1. Where you just need to adjust specific parameters/values in your query With Holistics, You can insert custom variables in your SQL query to make them dynamic to address the subtle differences without repeating yourself. See an example here: https://docs.holistics.io/guides/adding-filters/

2. Where you have chunks of text that are reused across multiple questions This can be long chunks of `CASE-IFs` or CTE/sub-queries that you use across multiple reports. You can insert a template snippet (chunks of SQL syntax for example) that can be reused across multiple questions. You can find more information here: https://docs.holistics.io/query-templates/

meow1032|8 years ago

Thanks for the response, I'm more on the research side of things now, so I don't have a current use case, but thinking about moving back to industry, and it's something that I remember having trouble with when I was last in industry.

scapecast|8 years ago

dashboard tools like Chartio and Looker make self-service analytics "easy" so you don't need to write 10 different flavors of the same query. We see this happening every day - our biggest customer has 1,200 analysts on Looker.

The key is how you set up your data warehouse, e.g. Amazon Redshift. What we see happening that data engineering teams provide "data services" to their company, via a set of common schemas / tables.

At the very high level:

- set up two different schemas. A (1) raw schema in which you dump all your event level data. only data engineers are allowed to access that schema. and then (2) an ad-hoc schema that analysts can use to run their queries.

- You move data from the raw to the ad-hoc schema with scheduled transformations / aggregations. Airflow, Luigi, Pinball, dbt are popular tools for that purpose. The tables in the ad-hoc schema need to be well documented so analysts can understand what data is available.

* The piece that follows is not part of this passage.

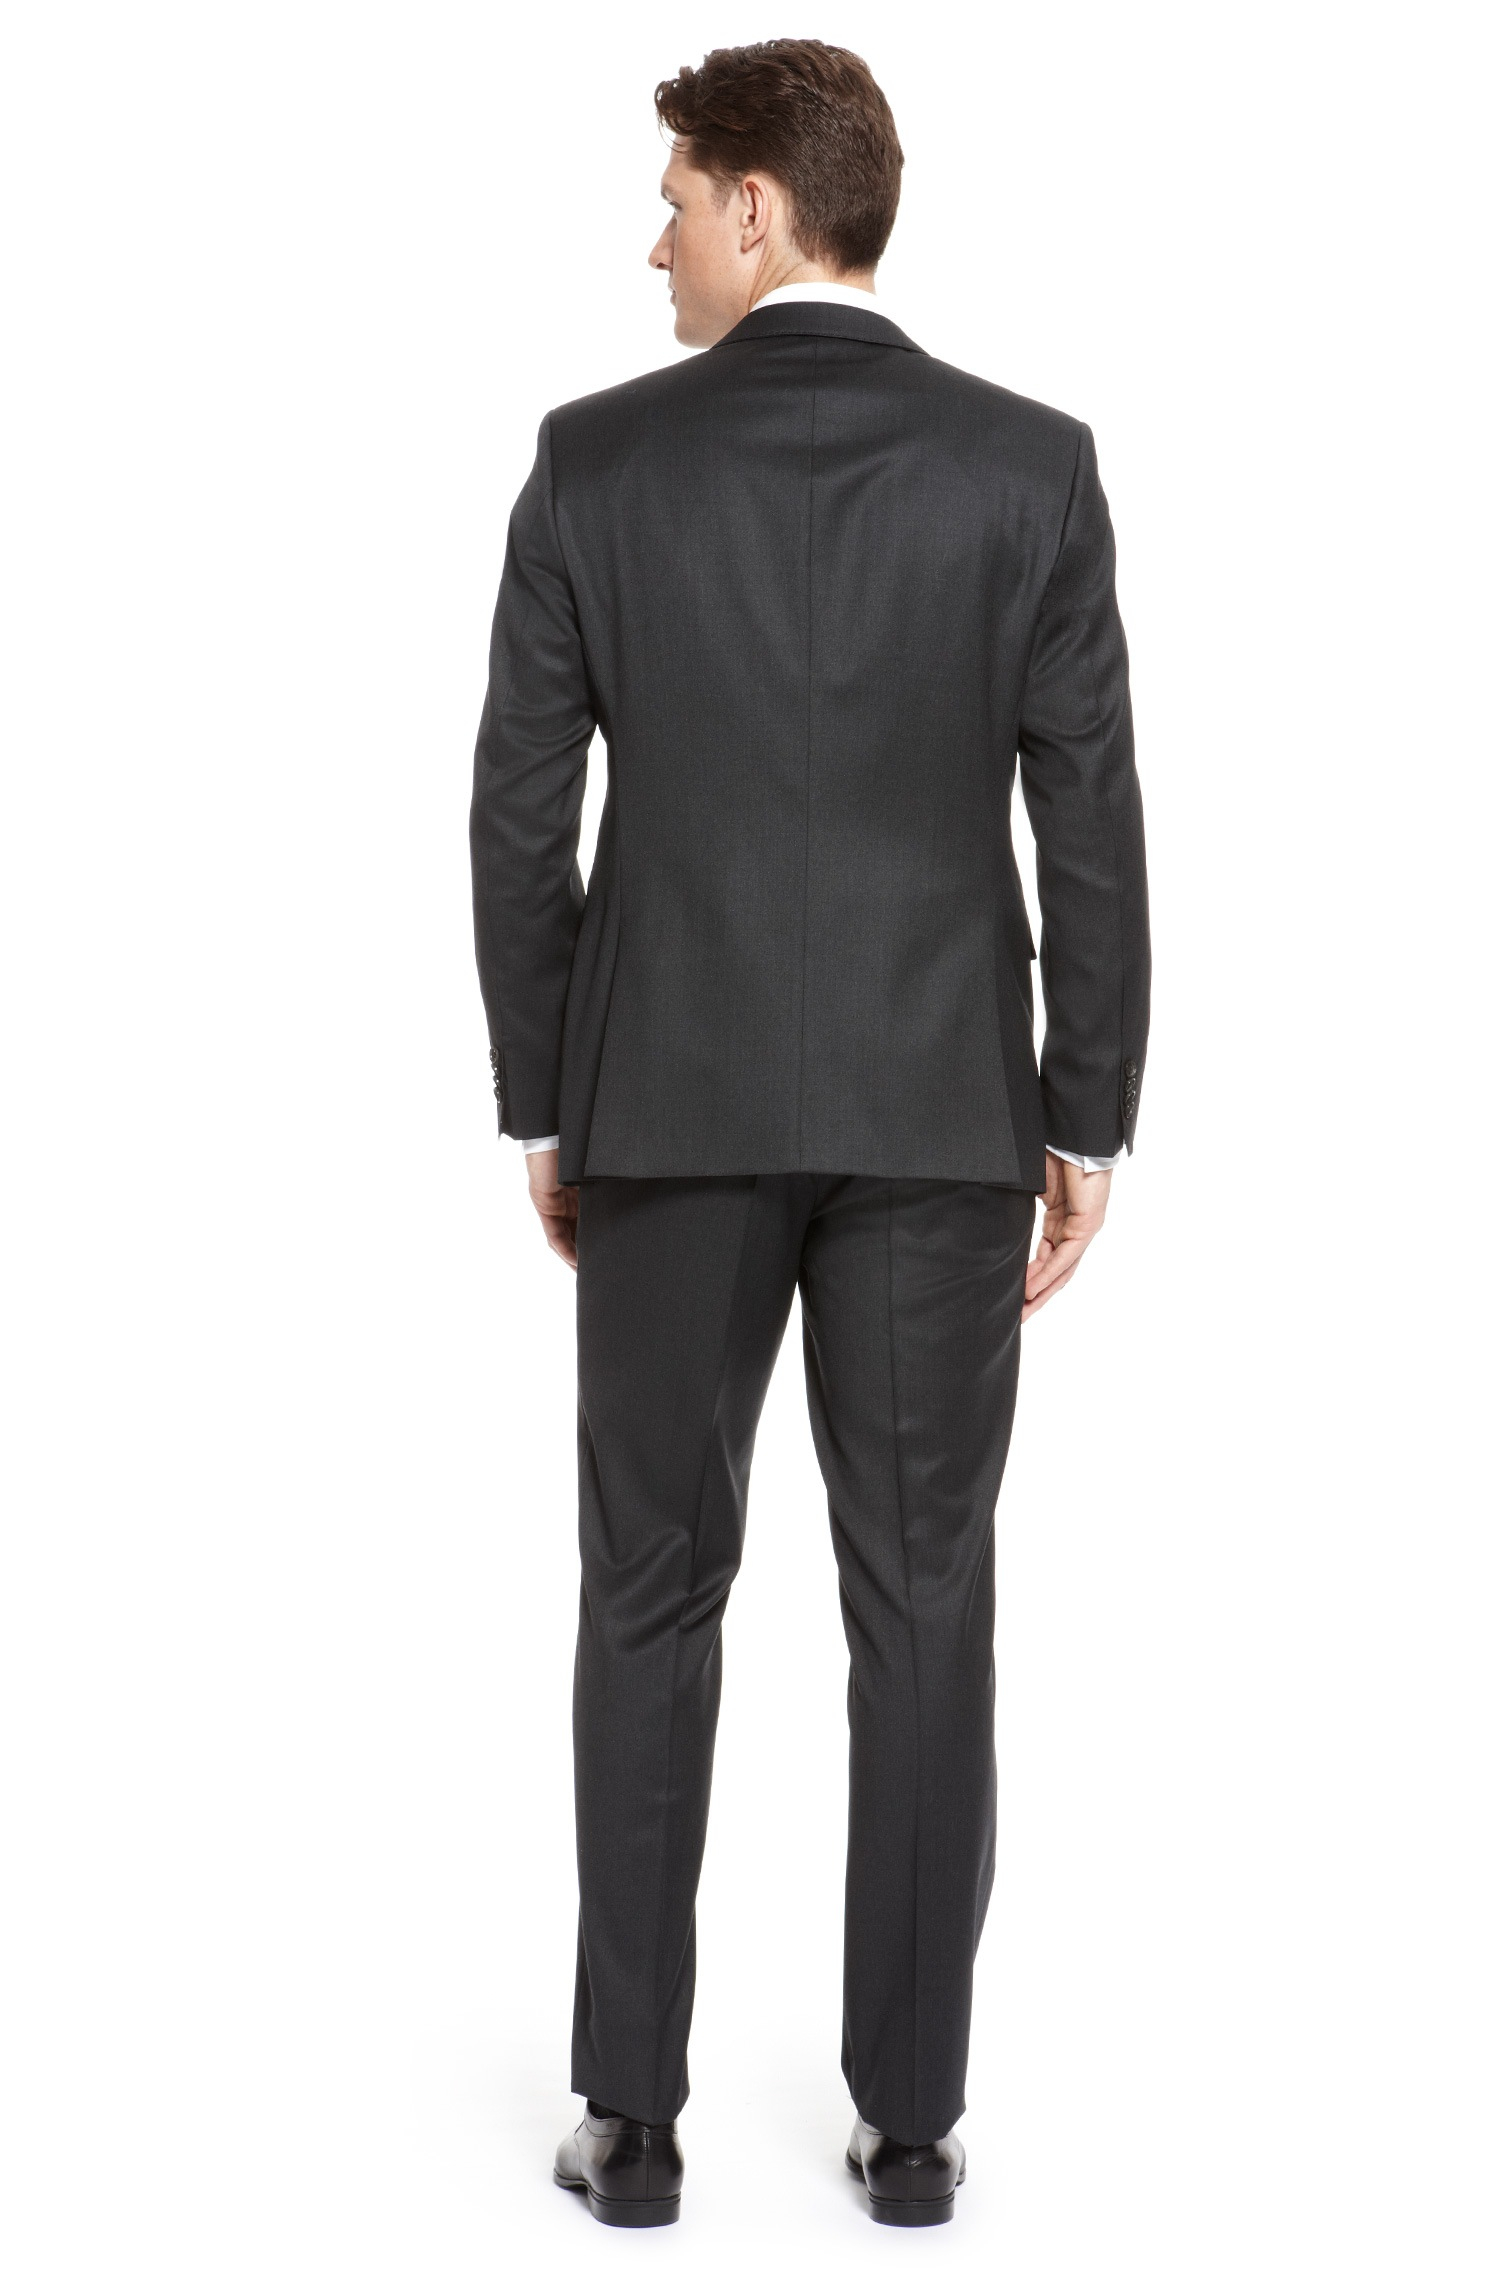 BOSS by HUGO BOSS 'the James/sharp' | Regular Fit, Super 100 Virgin Wool  Suit in Dark Grey (Gray) for Men - Lyst

- Give every analysts a dashboard seat and access to the ad-hoc schema. Give them access to "SQL playbooks" that analysts can re-use. If you're adventurous, allow them to create their own tables.

This approach scales from a few GBs to TBs and more.

aceregen|8 years ago

Yes, like what scapecast mentioned, the key to writing and executing SQL well is to organize and transform your data. You won't want to be running queries across large events records.

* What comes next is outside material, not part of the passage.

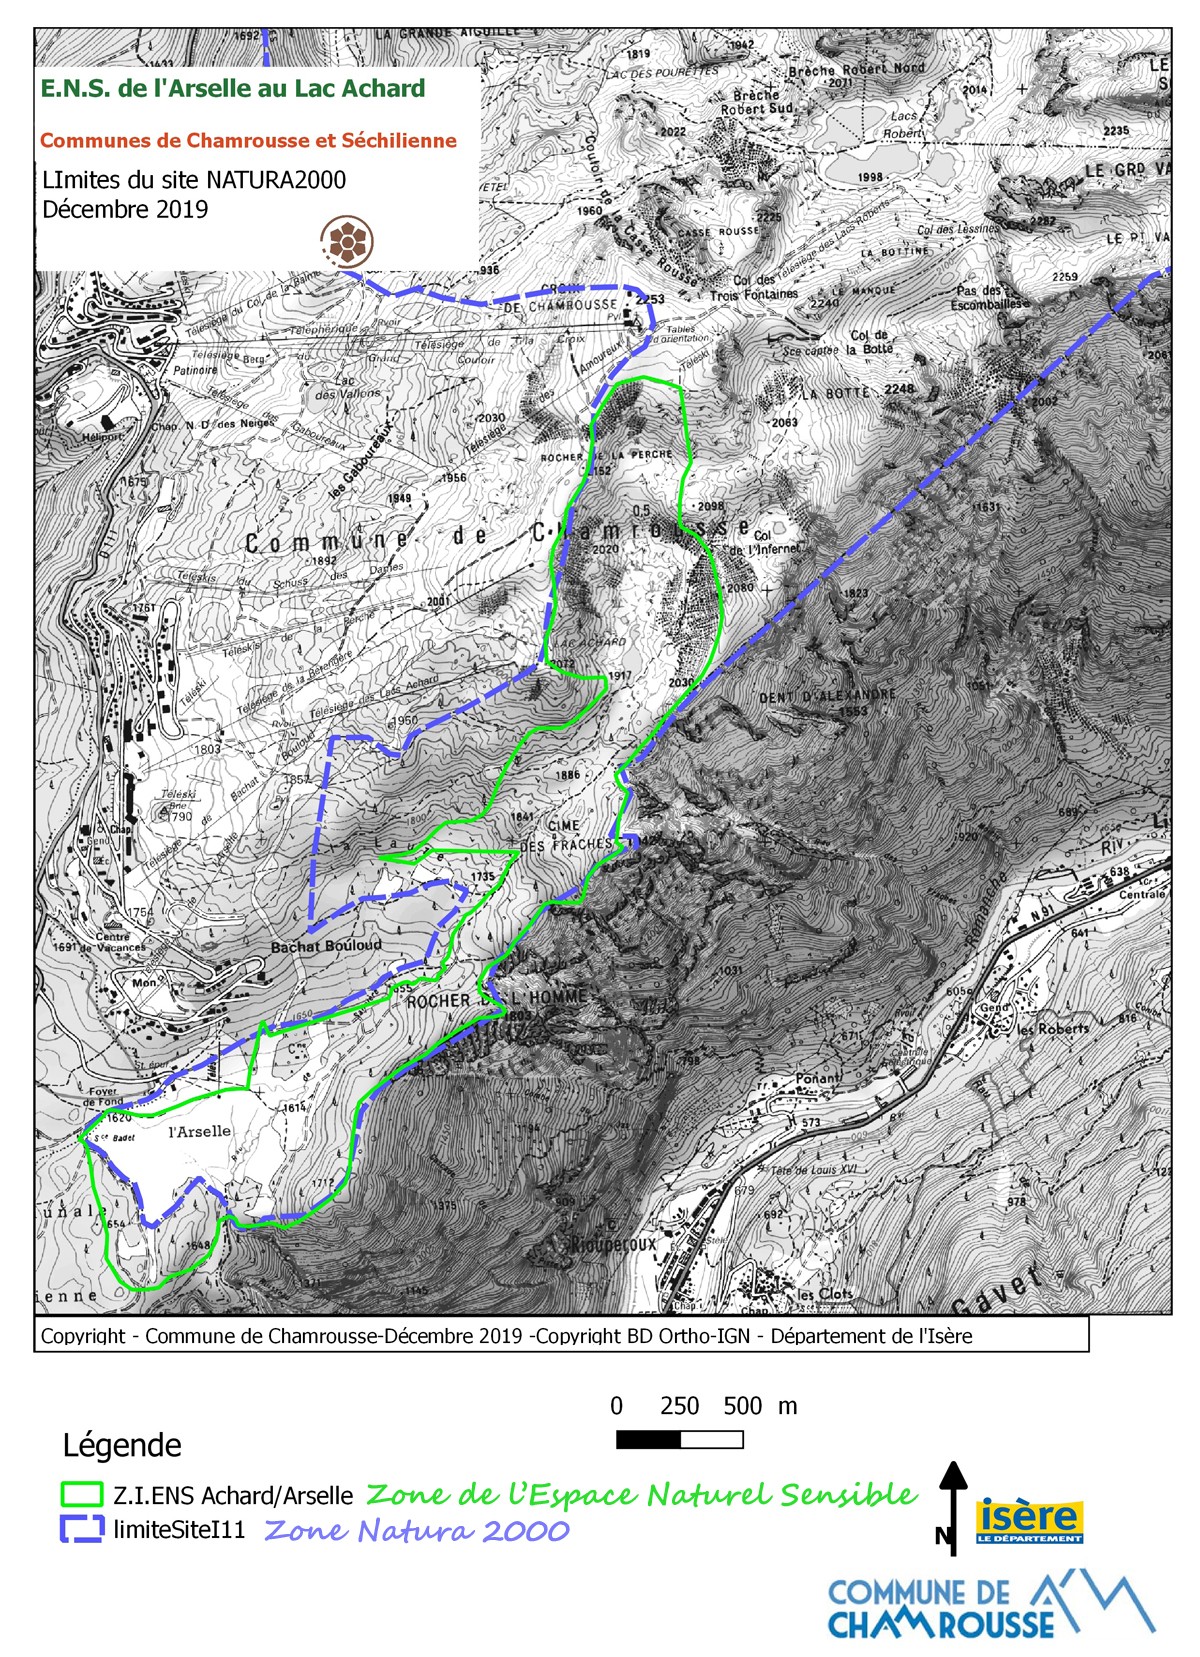 Chamrousse carte zone natura 2000 espace naturel sensible plateau arselle lac achard station montagne ete isere alpes france

We've just published a blog post last week on some tips for analysts starting their first data warehouse project.

https://blog.holistics.io/the-analyst-guide-to-designing-a-m...

teej|8 years ago

Set up a “SQL-in-charts-out” tool. There’s a number of open source ones now. Apache Superset is one example, thought I don’t necessarily recommend it specifically. This is very low cost to do and it solves this problem exactly.

The next layer of the cake is more complex and costly - setting up a SaaS BI tool like Periscope or Chartio or Looker. This only really becomes useful when you need dynamic pivoting and grouping.